Go watch a James Franco directed/starred film and get back to me. He's got like a dozen or so dumpster fires of movies that nobody has even heard of.

You know something is wrong when a person writes, directs, and stars in a screen adaptation of William Faulkner's As I Lay Dying. And not just stars in, but plays a lynchpin character who spells out to the audience what the book is actually about.

Chef was a fun little movie that didn't really seem to get ahead of itself. It felt like a lot of movies that I'd seen in single screen theaters in the late 2000s when "indie movies" were extremely hip. The social media name checking was truly bizarre though.

Every Quintin Tarantino movie is an extreme vanity project, but I think the movies are better off for it.

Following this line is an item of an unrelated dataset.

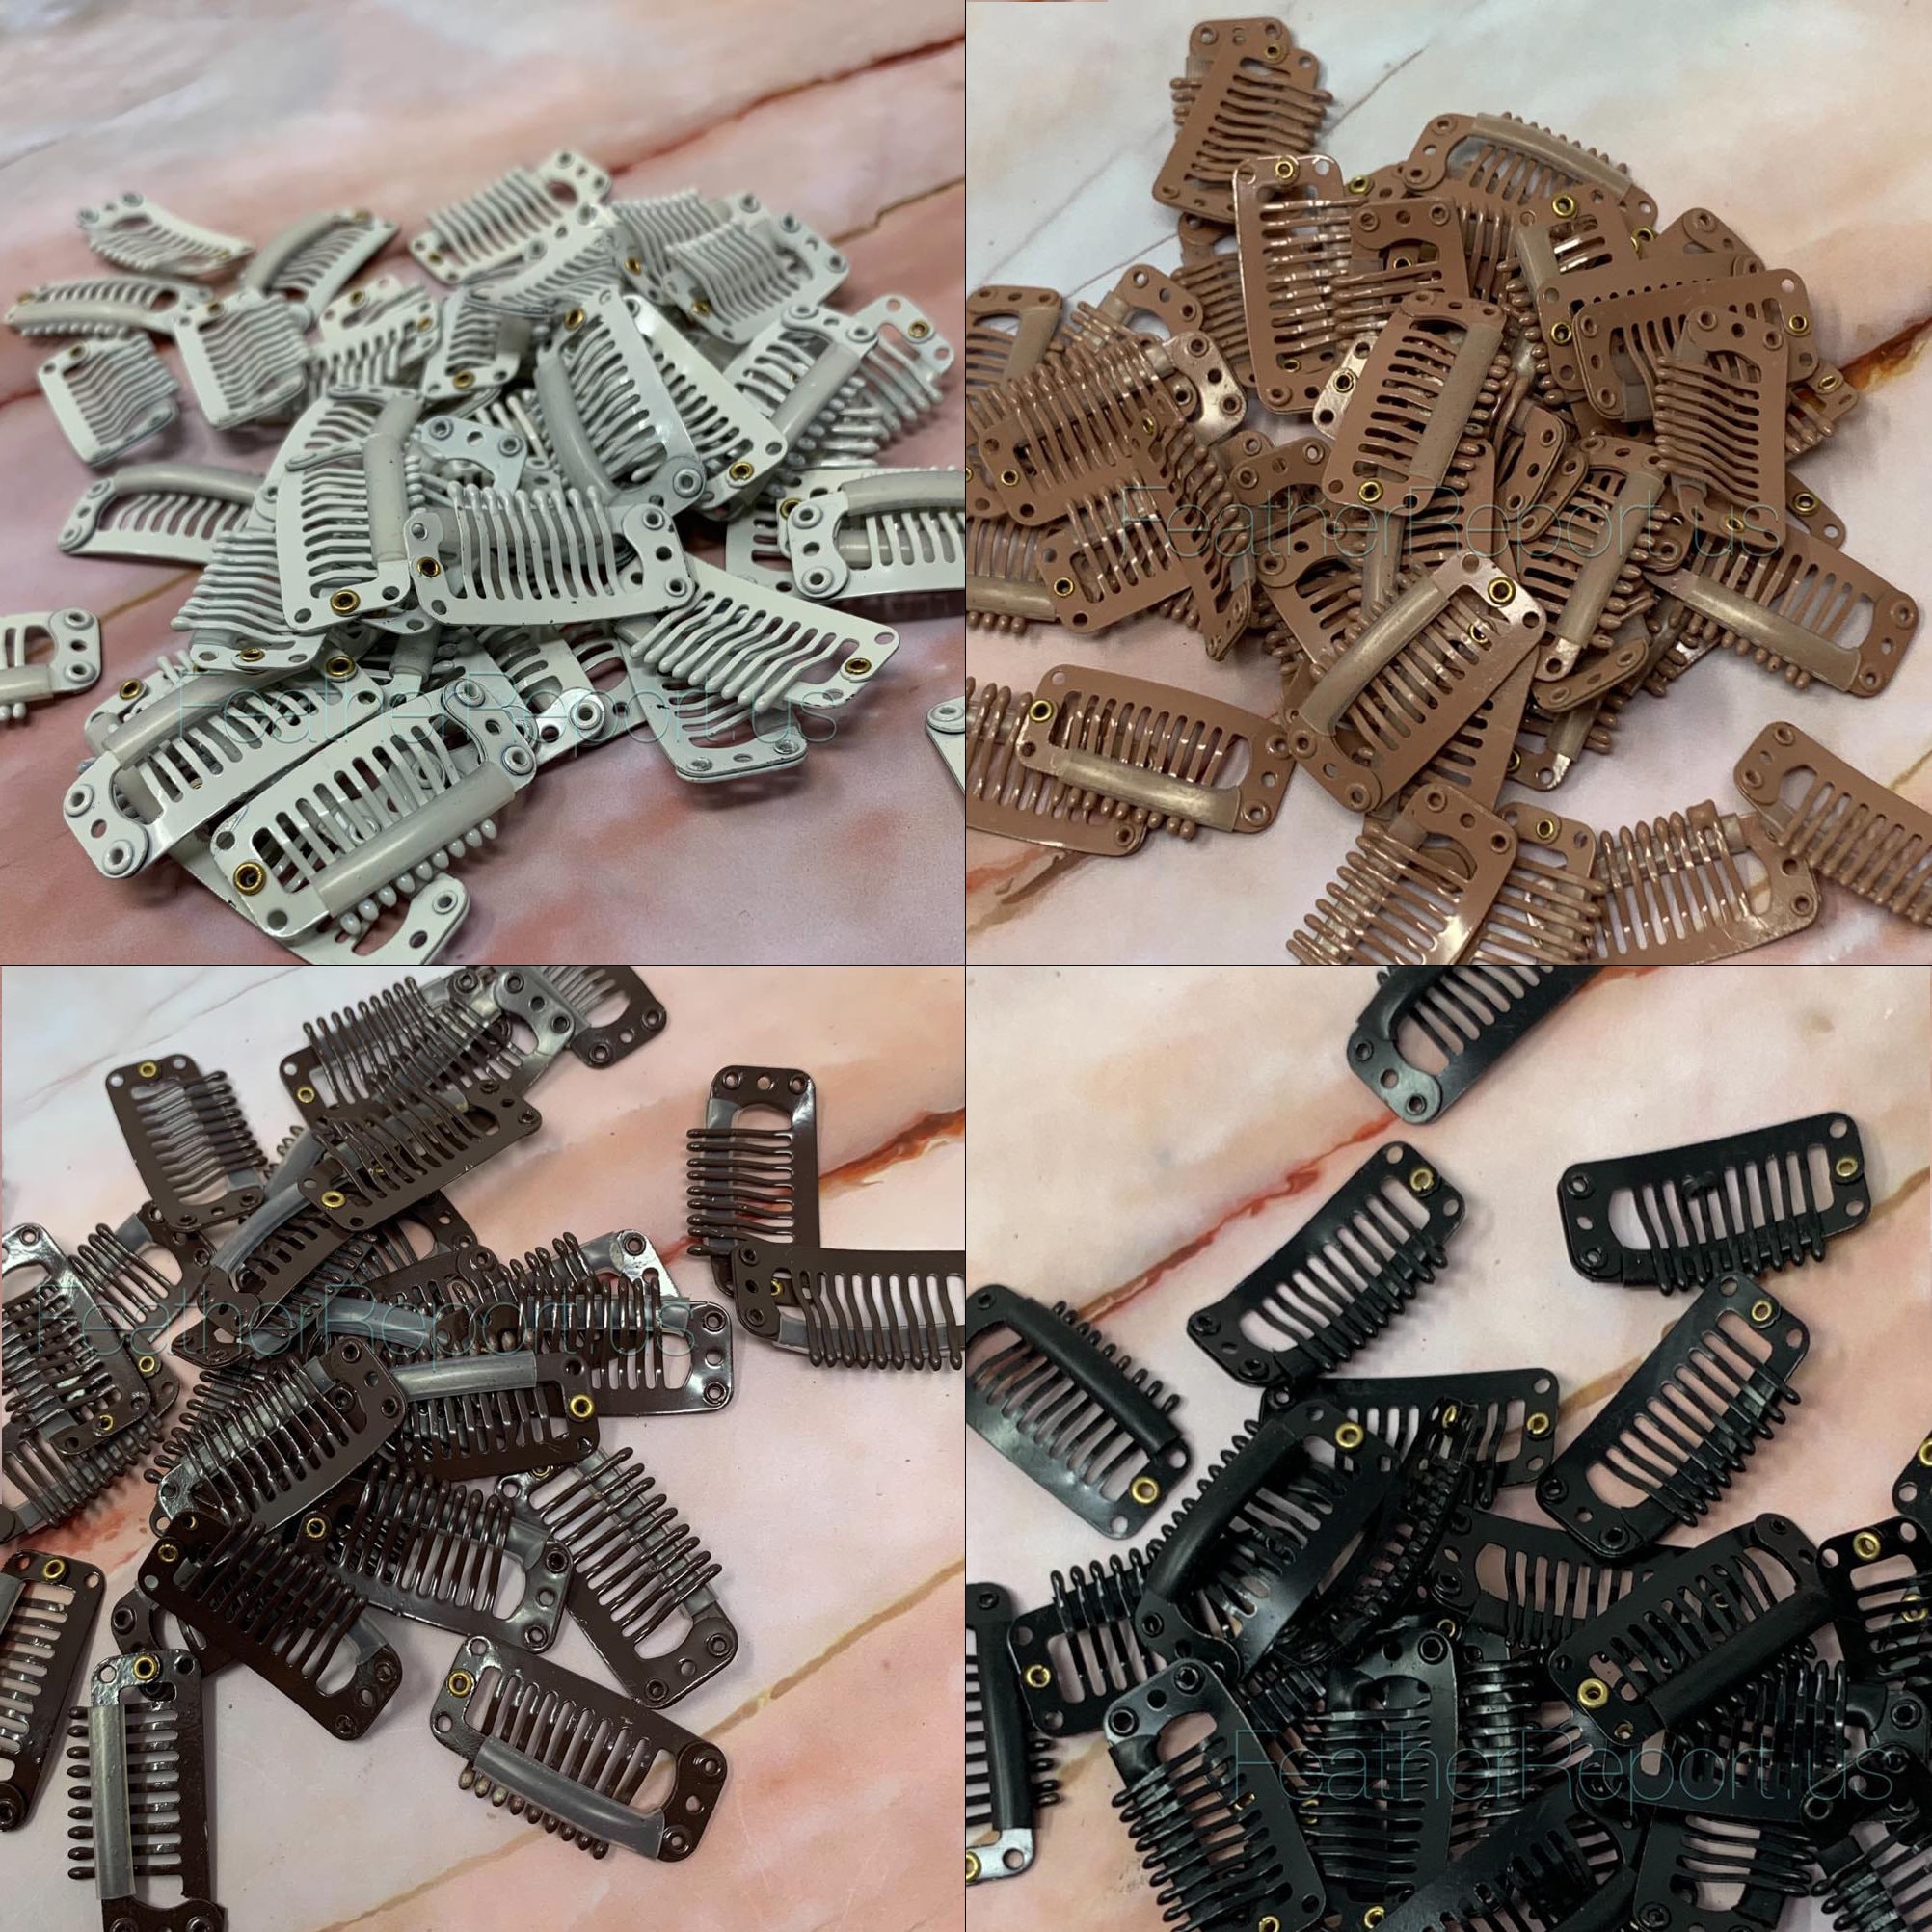  Metal Wig Clips Wig Hair Extension Clips Wig Snap Clips  9-Teeth Wig Clips to Sew in Wig Clips to Secure Wig Hair Clips for Hairpiece  Wig Accessories Clips (D) 
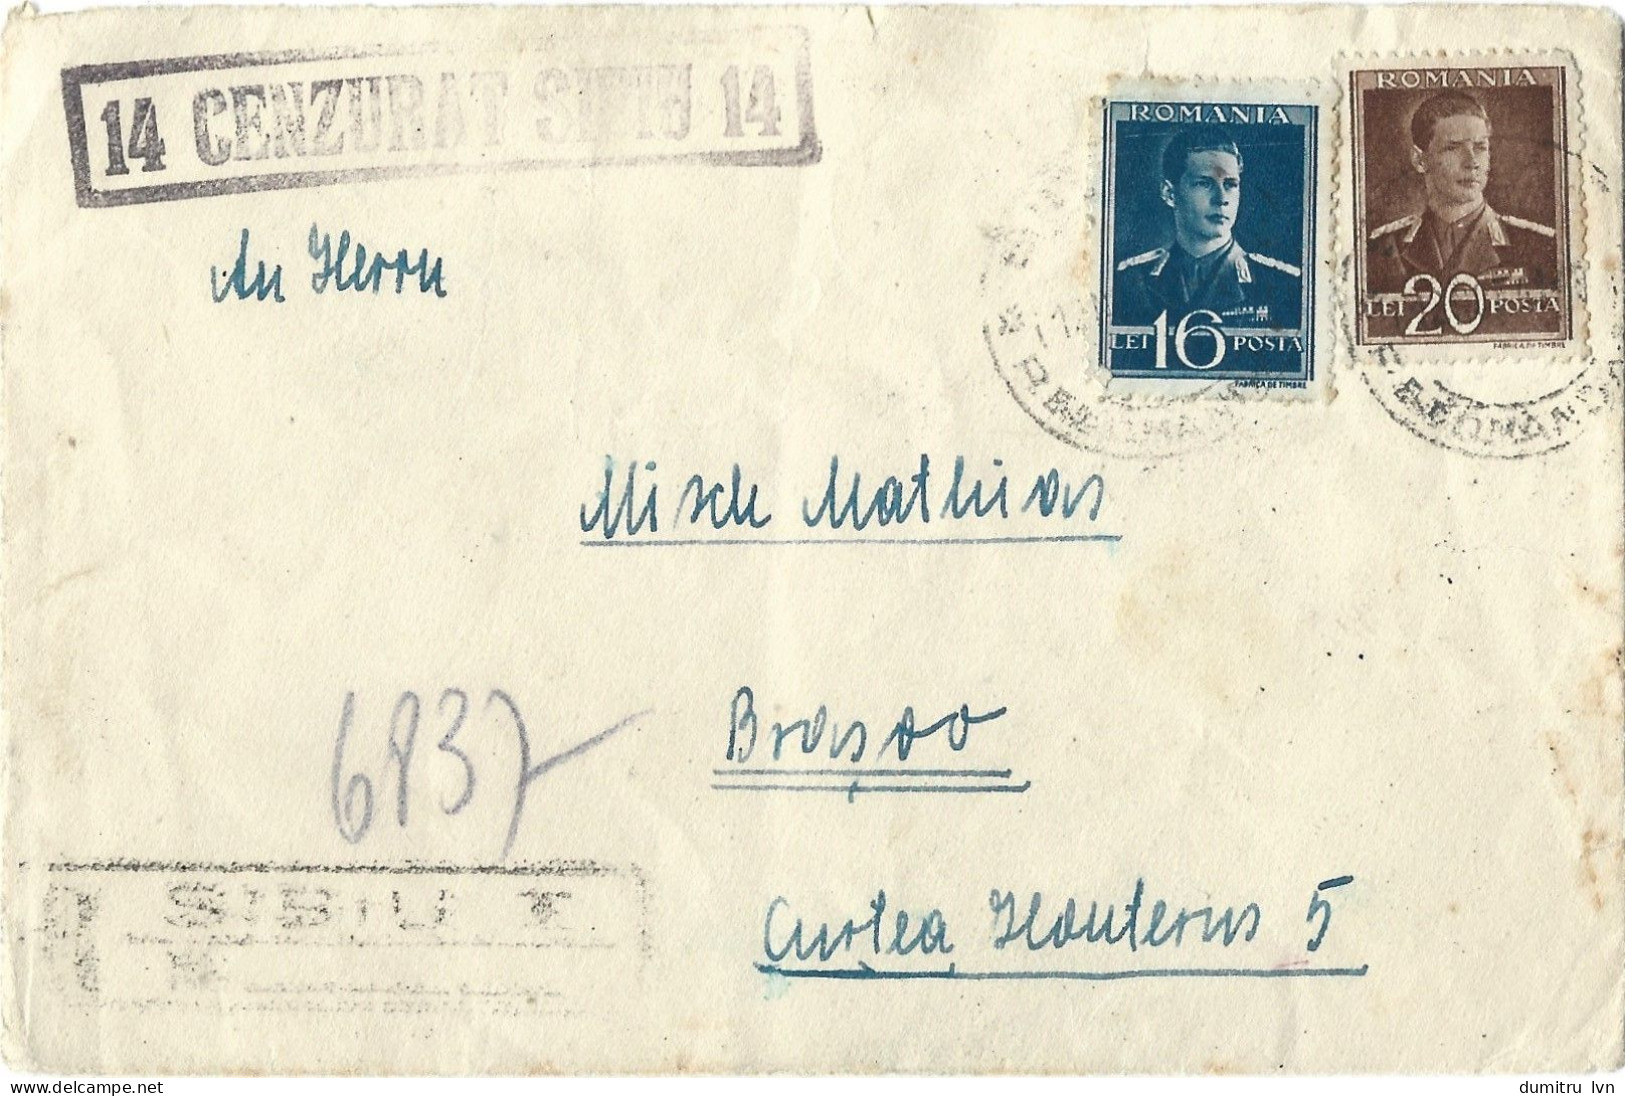 ROMANIA 1943 CENSORED SIBIU 14, CIRCULATED ENVELOPE FROM SIBIU TO BRASOV, COVER STATIONERY - Entiers Postaux

Same with any Hideo Kojima game.
 
Oct 25, 2017
2,660
As an Exectutive Chef for Hyatt Hotels for the past 10 years, I enjoyed the movie... and a lot of us do have sleeves :) Thought its a terrible idea to open your own restaurant its a money pit. Work for a corporation you'll always make more money unless your a celebrity Chef

my biggest gripe with the movie tbh, should've just stuck with the food truck
 

Rassilon

Member
Oct 27, 2017
10,583
UK
One Million Ways to Die in the West.

Seth McFarlane really, really wanted to make out with Charlize Theron so he made a bad movie justifying it. I can think of literally no better example.
Another tangential example is The Orville; the higly produced Seth Mcfarlane Star Trek fan fiction where he is the captain and gets to hang out with ex-Star Trek cast members.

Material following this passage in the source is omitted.